> DATASET EXTRACT

■ ■ ■

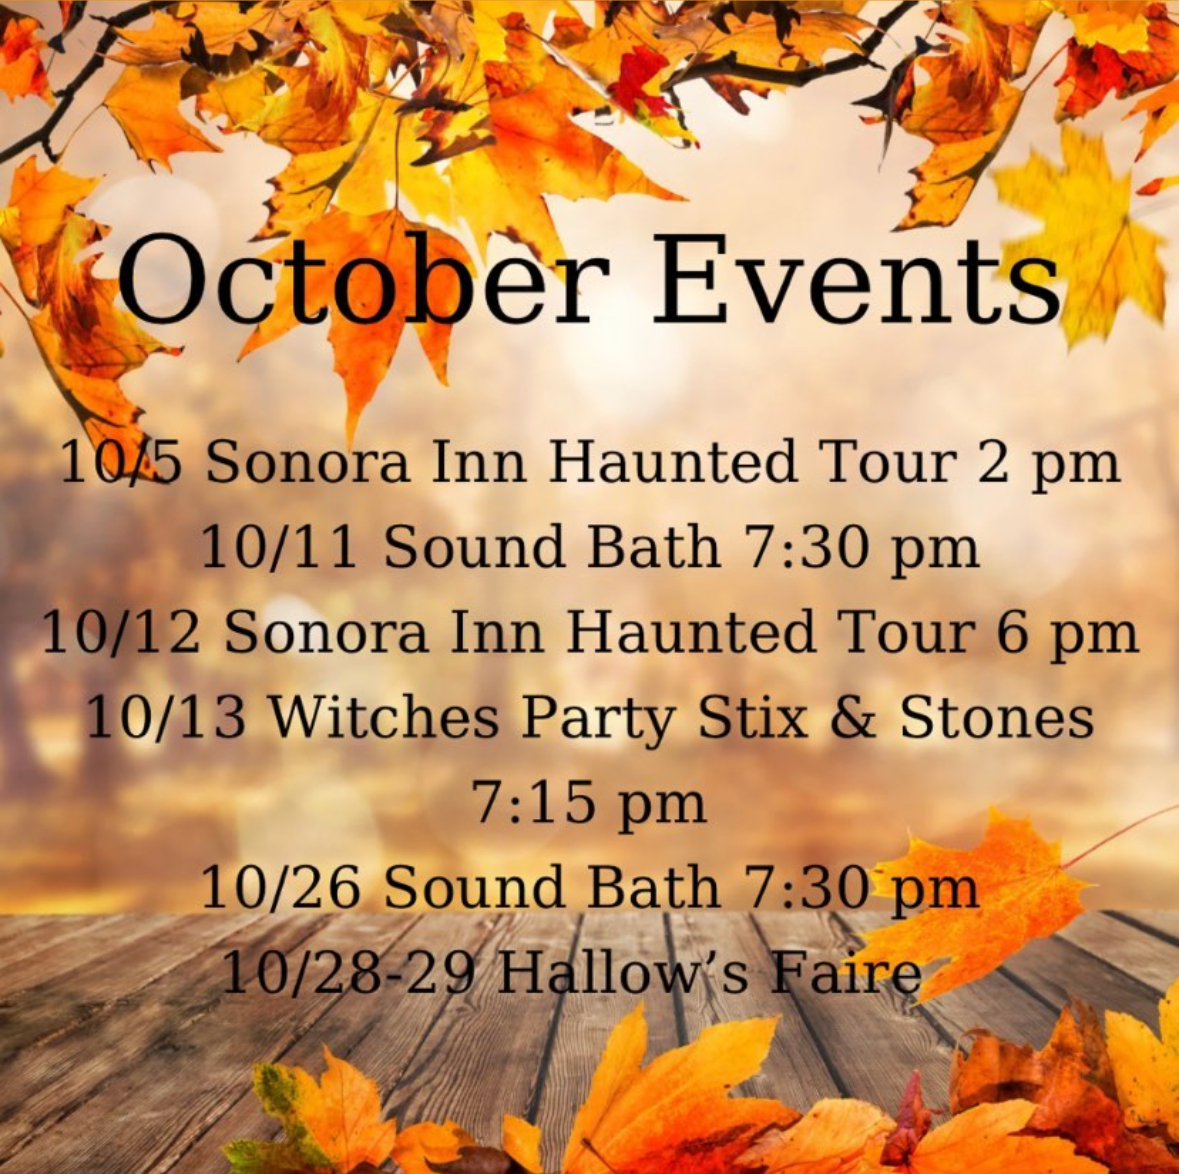 There+are+many+upcoming+events+to+attend+locally%2C+so+there+will+be+no+shortage+of+fun+things+to+do+for+this+Halloween+season.
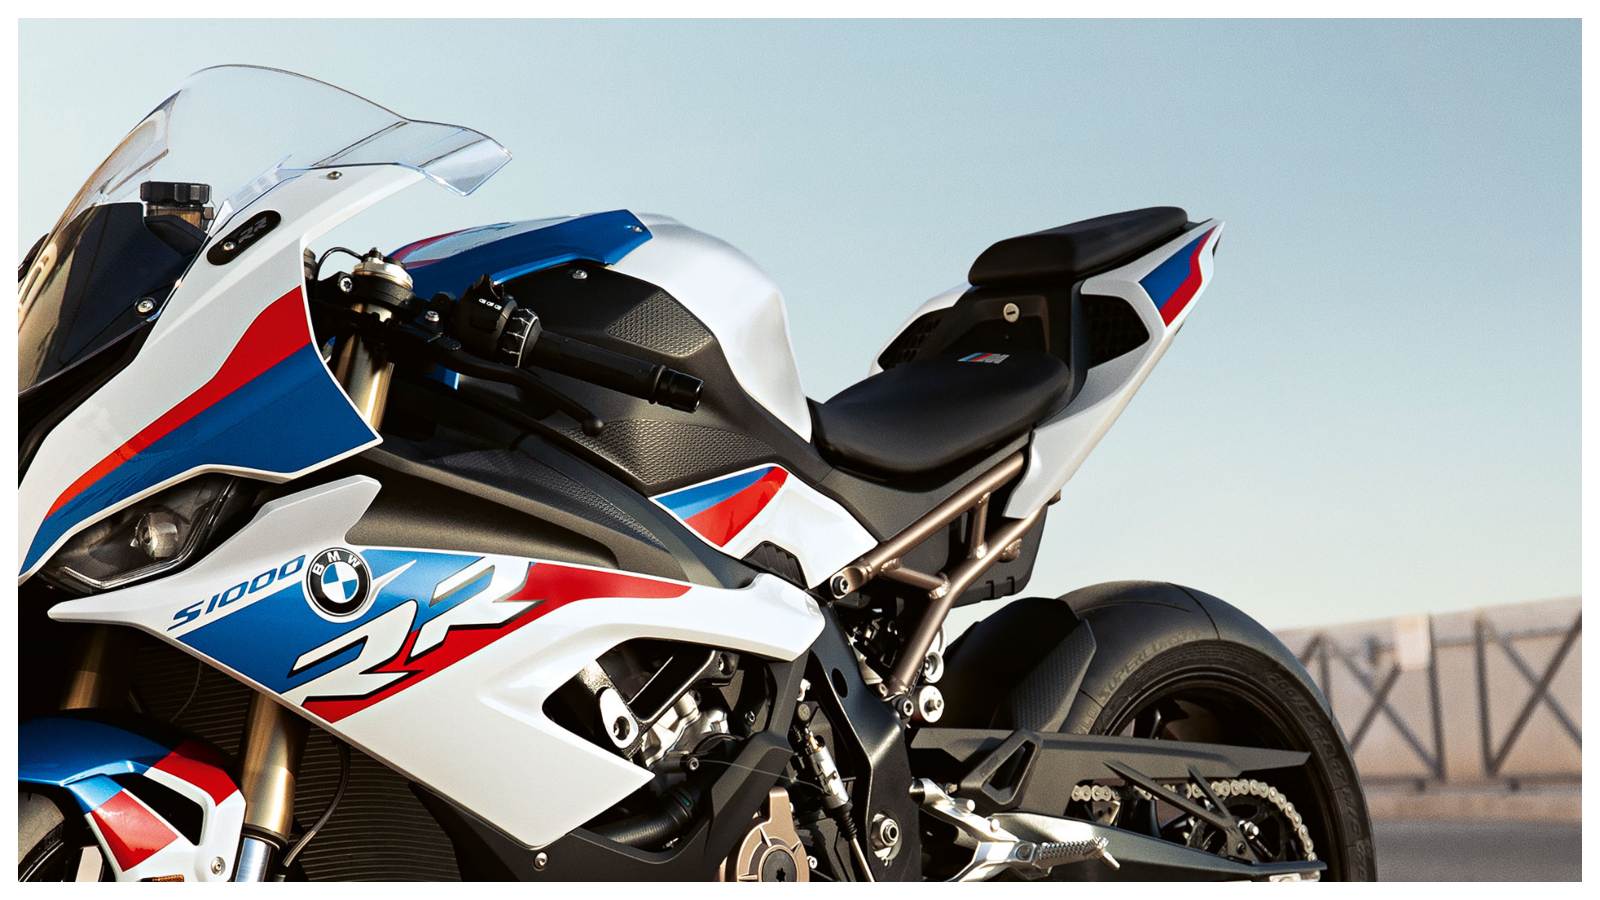 BMW S1000 RR Launched In India! Prices Start From INR 18.50 Lakhs
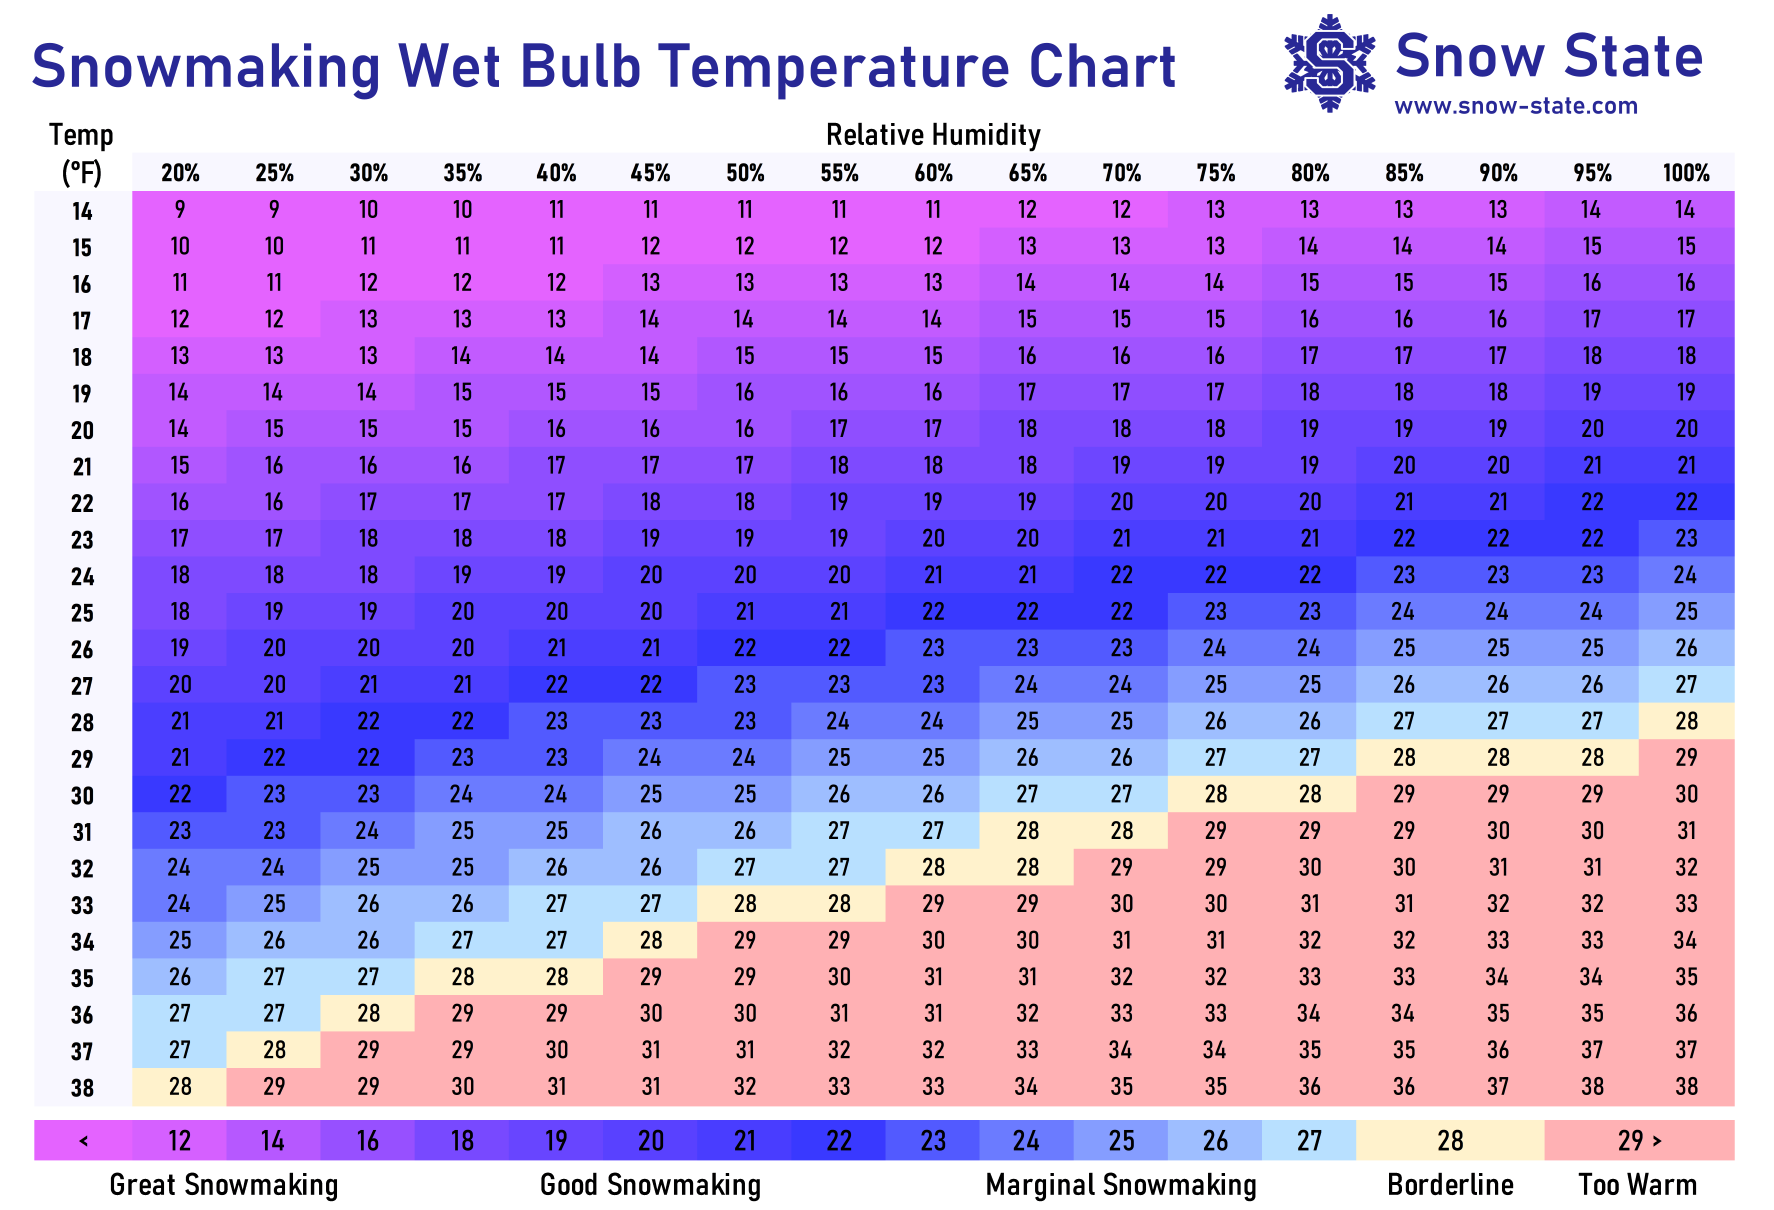 http://snow-state.com/wp-content/uploads/2021/12/wetbulb_chart.png

■ ■ ■

> WORK ORDER
The preceding listing must be repeated exactly, with all images dropped.

> OUTPUT FOR THIS EXERCISE
 There+are+many+upcoming+events+to+attend+locally%2C+so+there+will+be+no+shortage+of+fun+things+to+do+for+this+Halloween+season.
 BMW S1000 RR Launched In India! Prices Start From INR 18.50 Lakhs
 http://snow-state.com/wp-content/uploads/2021/12/wetbulb_chart.png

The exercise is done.